§ To do
What is needed is a word-for-word copy of the lines below from the one with "Cute tabby cat Stock Photo" through the one with "Hot Pink Embellished High Heels Pumps", both included, with every picture left out.
══ Exercise data ══
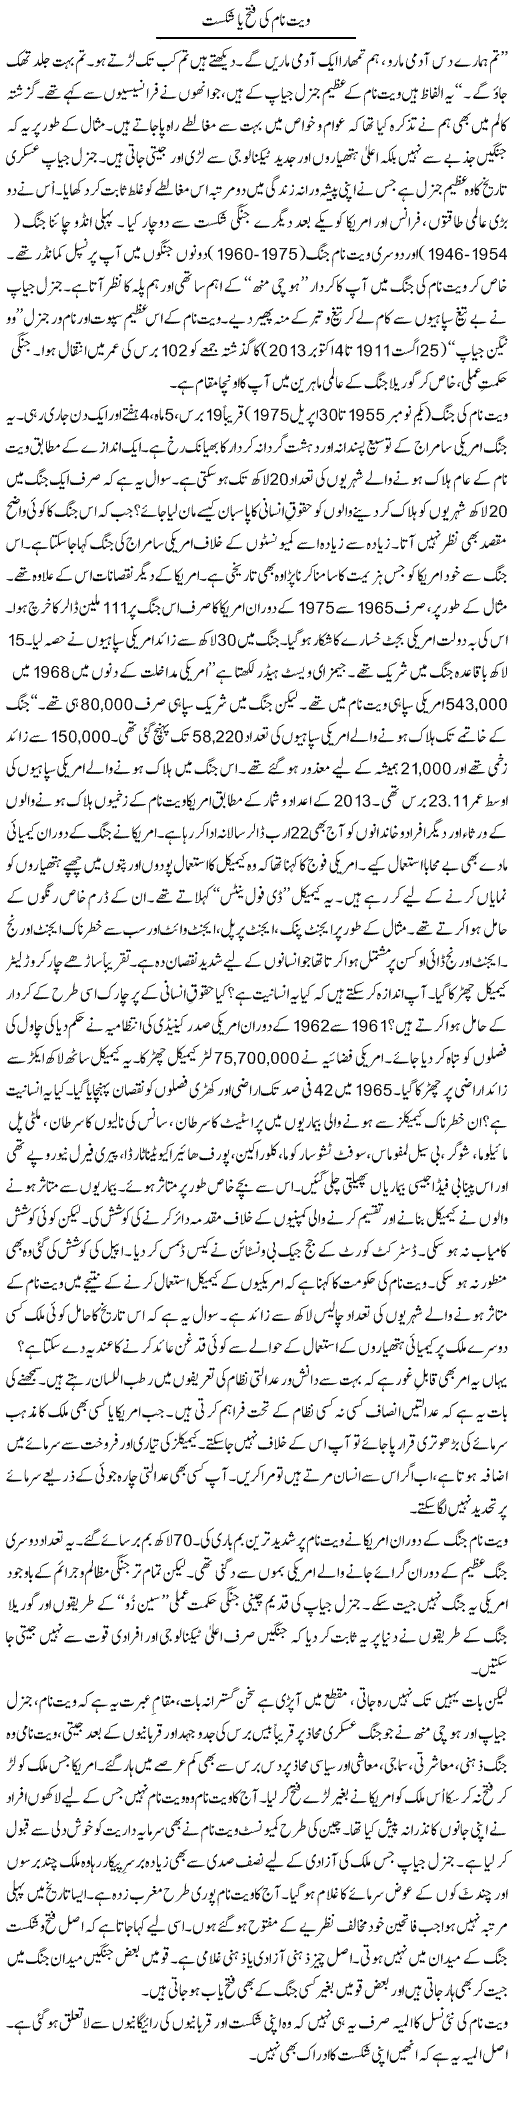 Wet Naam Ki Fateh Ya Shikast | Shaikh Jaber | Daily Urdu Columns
═══
══ Exercise data ══
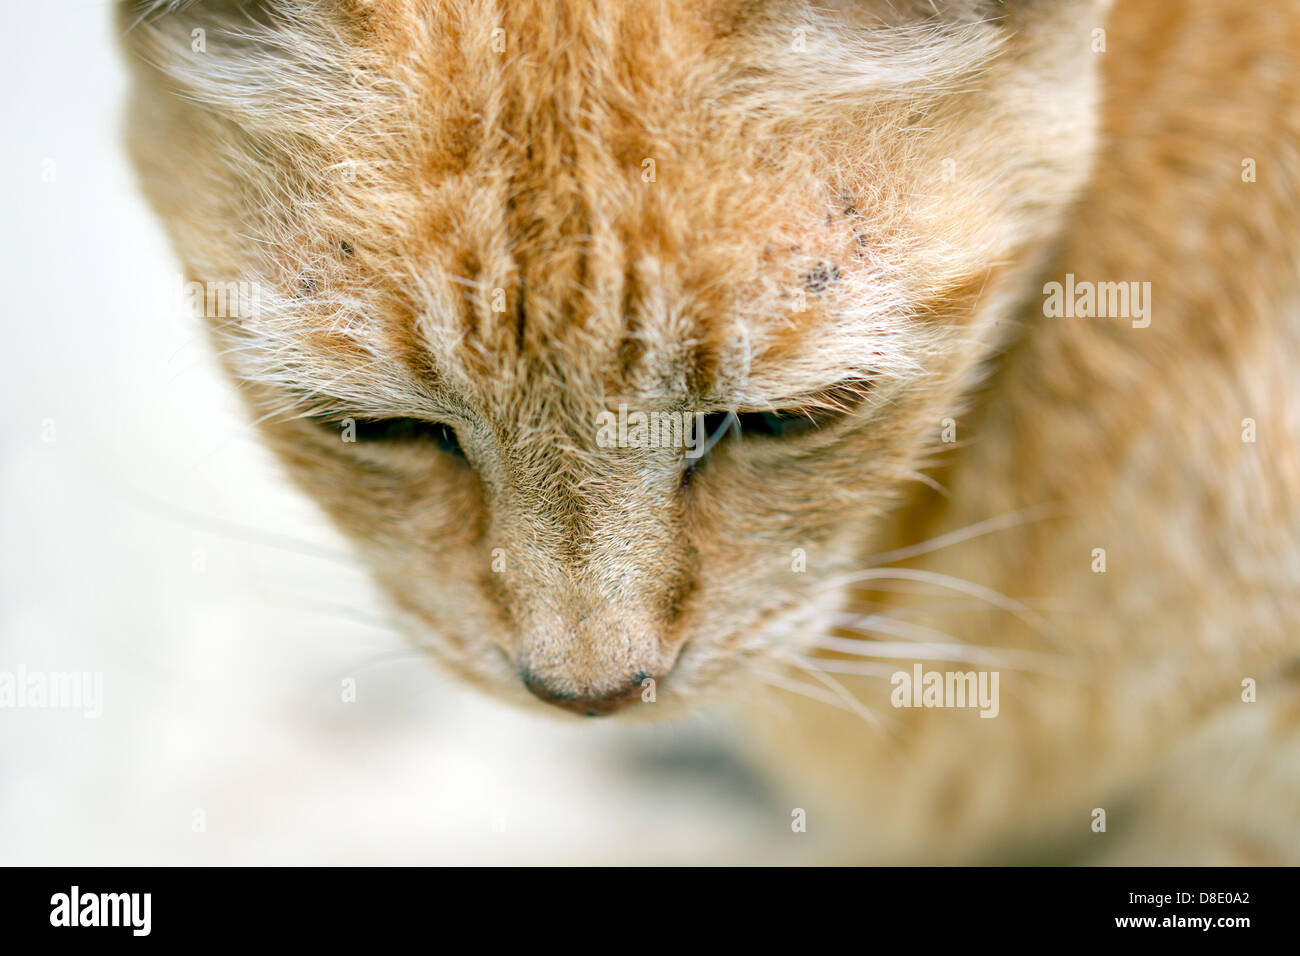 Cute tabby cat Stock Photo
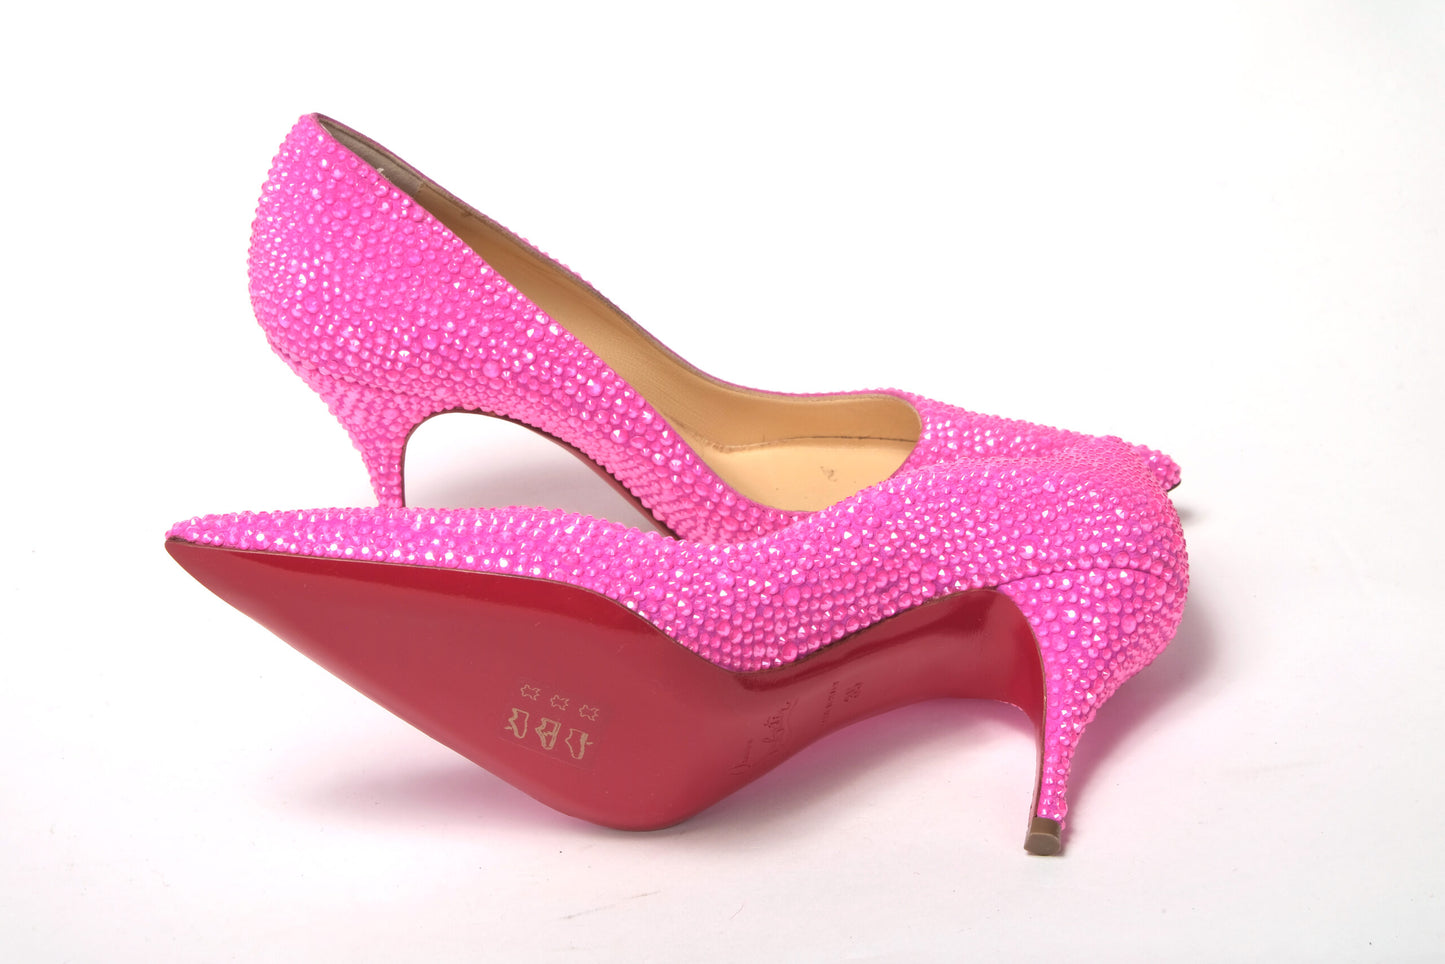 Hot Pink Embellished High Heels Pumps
═══
══ Exercise data ══
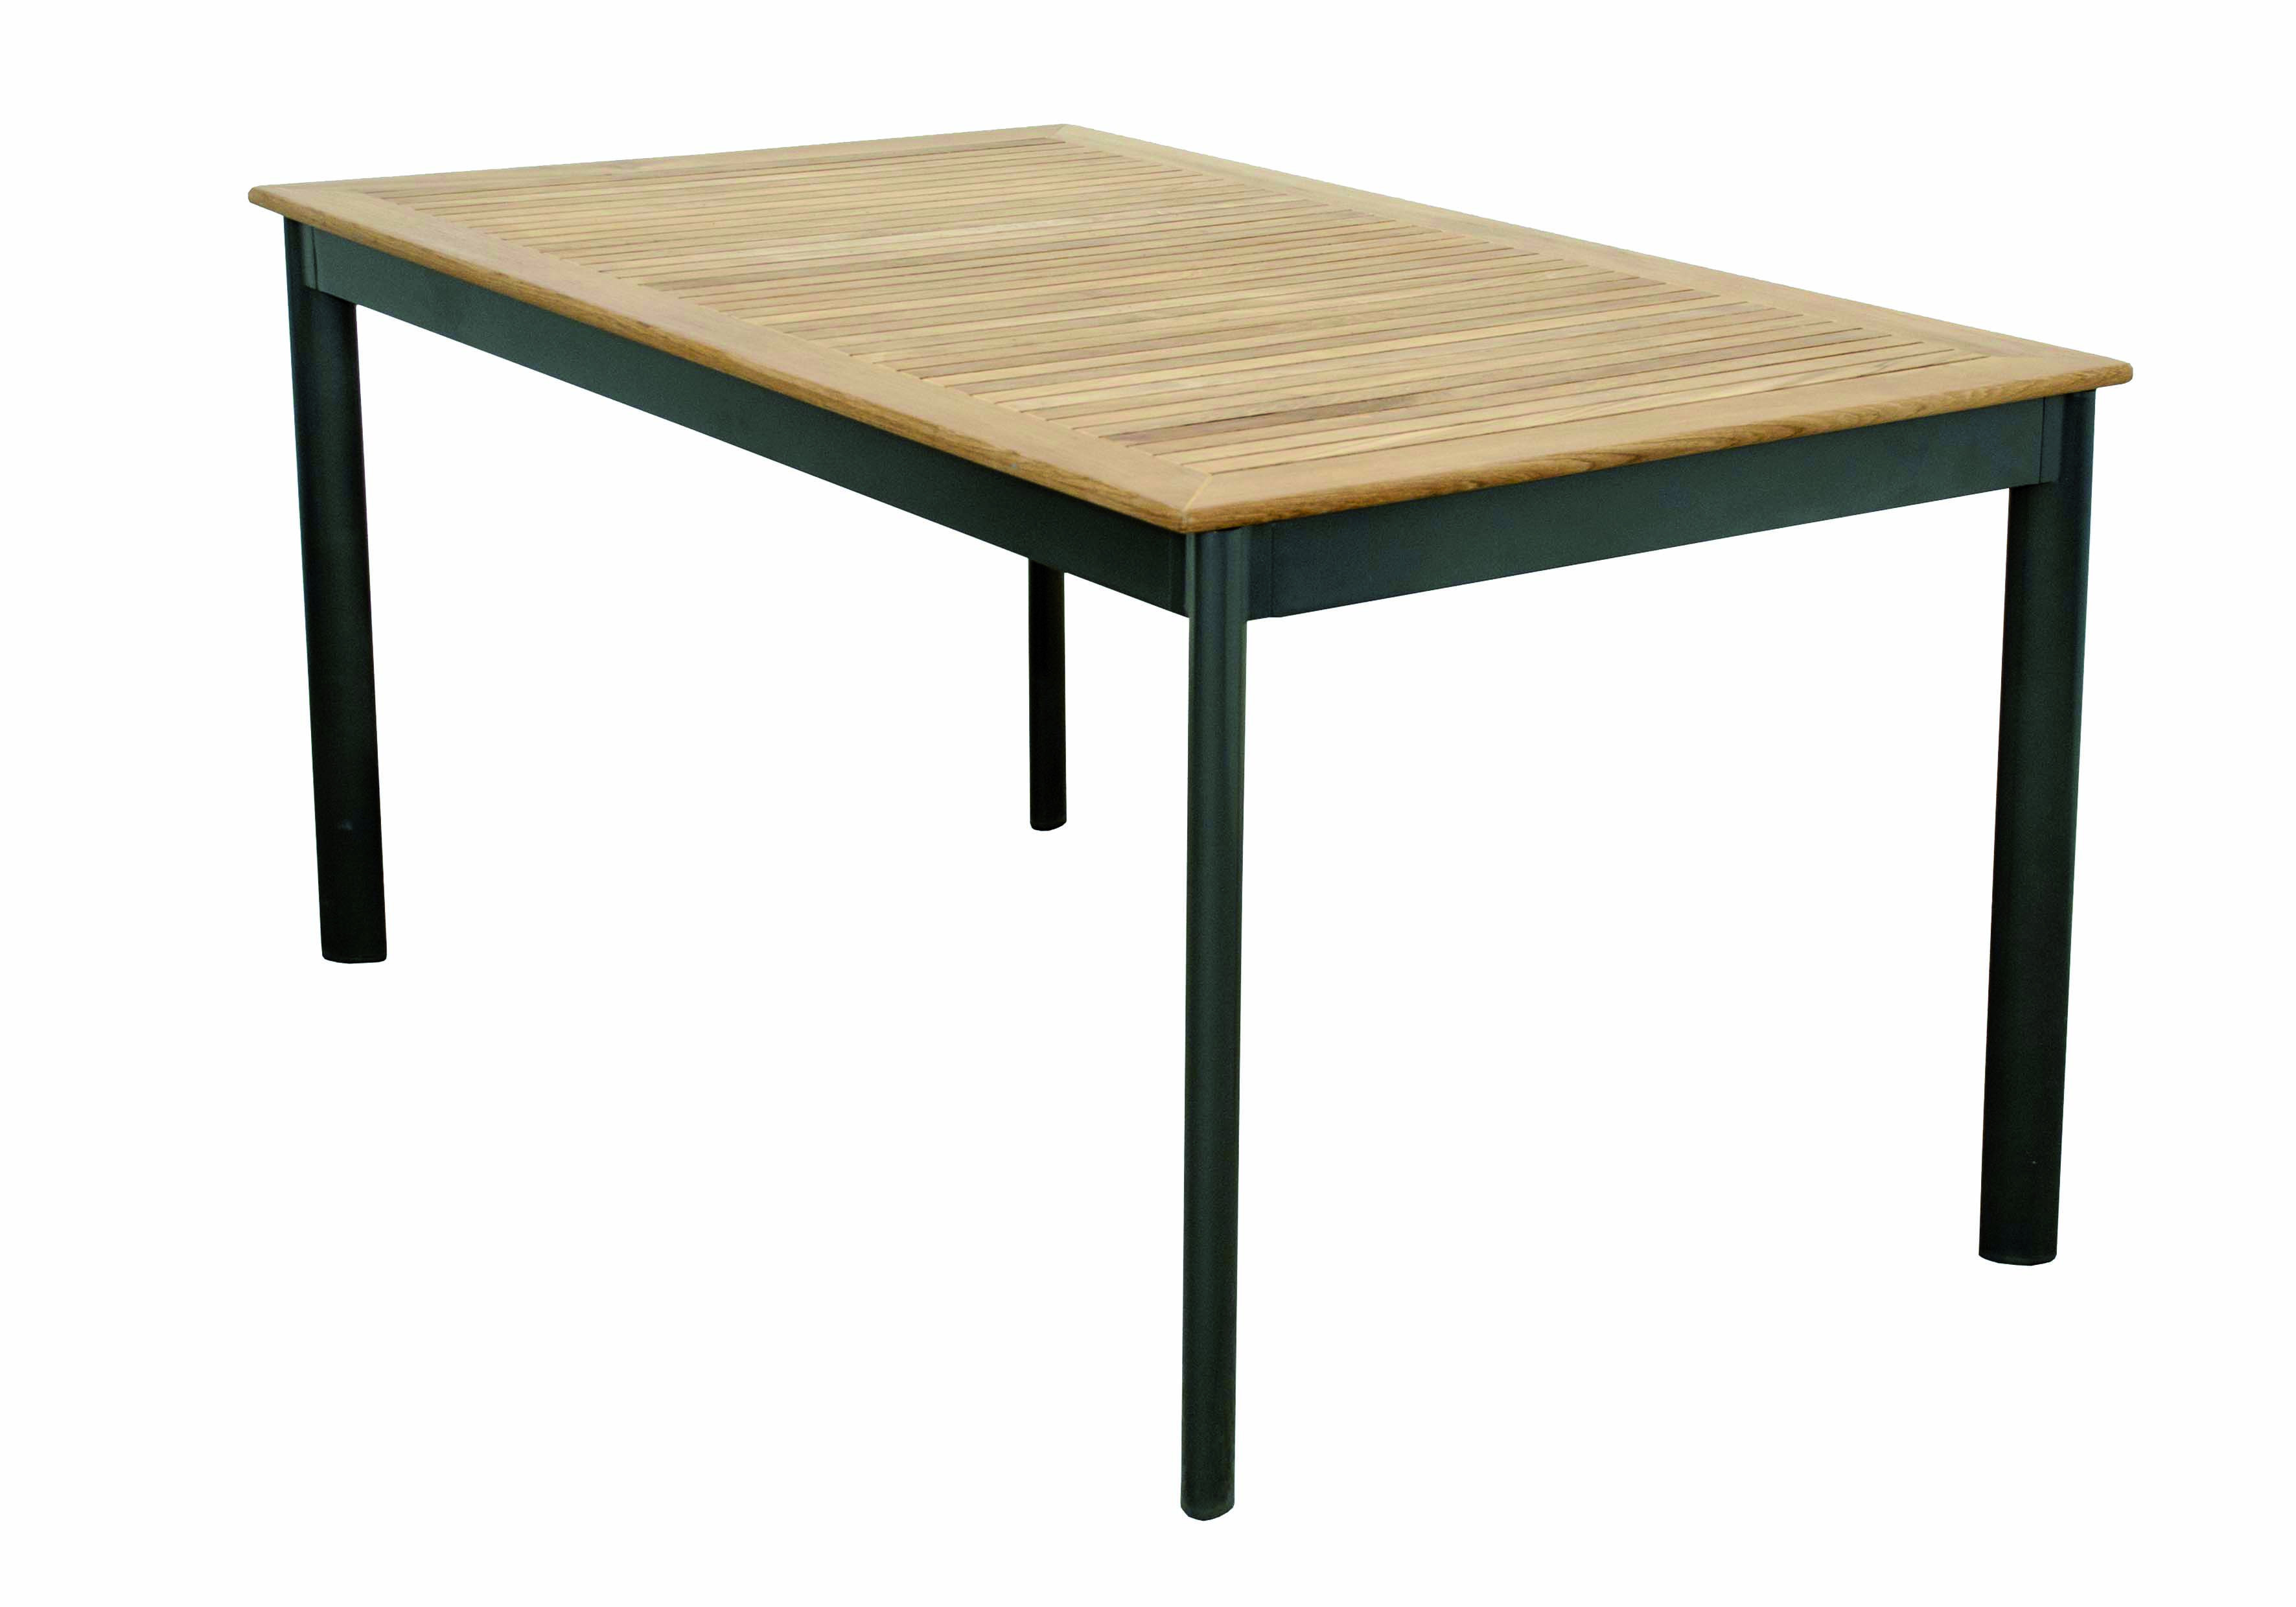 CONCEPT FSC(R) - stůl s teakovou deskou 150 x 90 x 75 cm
═══
§ Task solution
 Cute tabby cat Stock Photo
 Hot Pink Embellished High Heels Pumps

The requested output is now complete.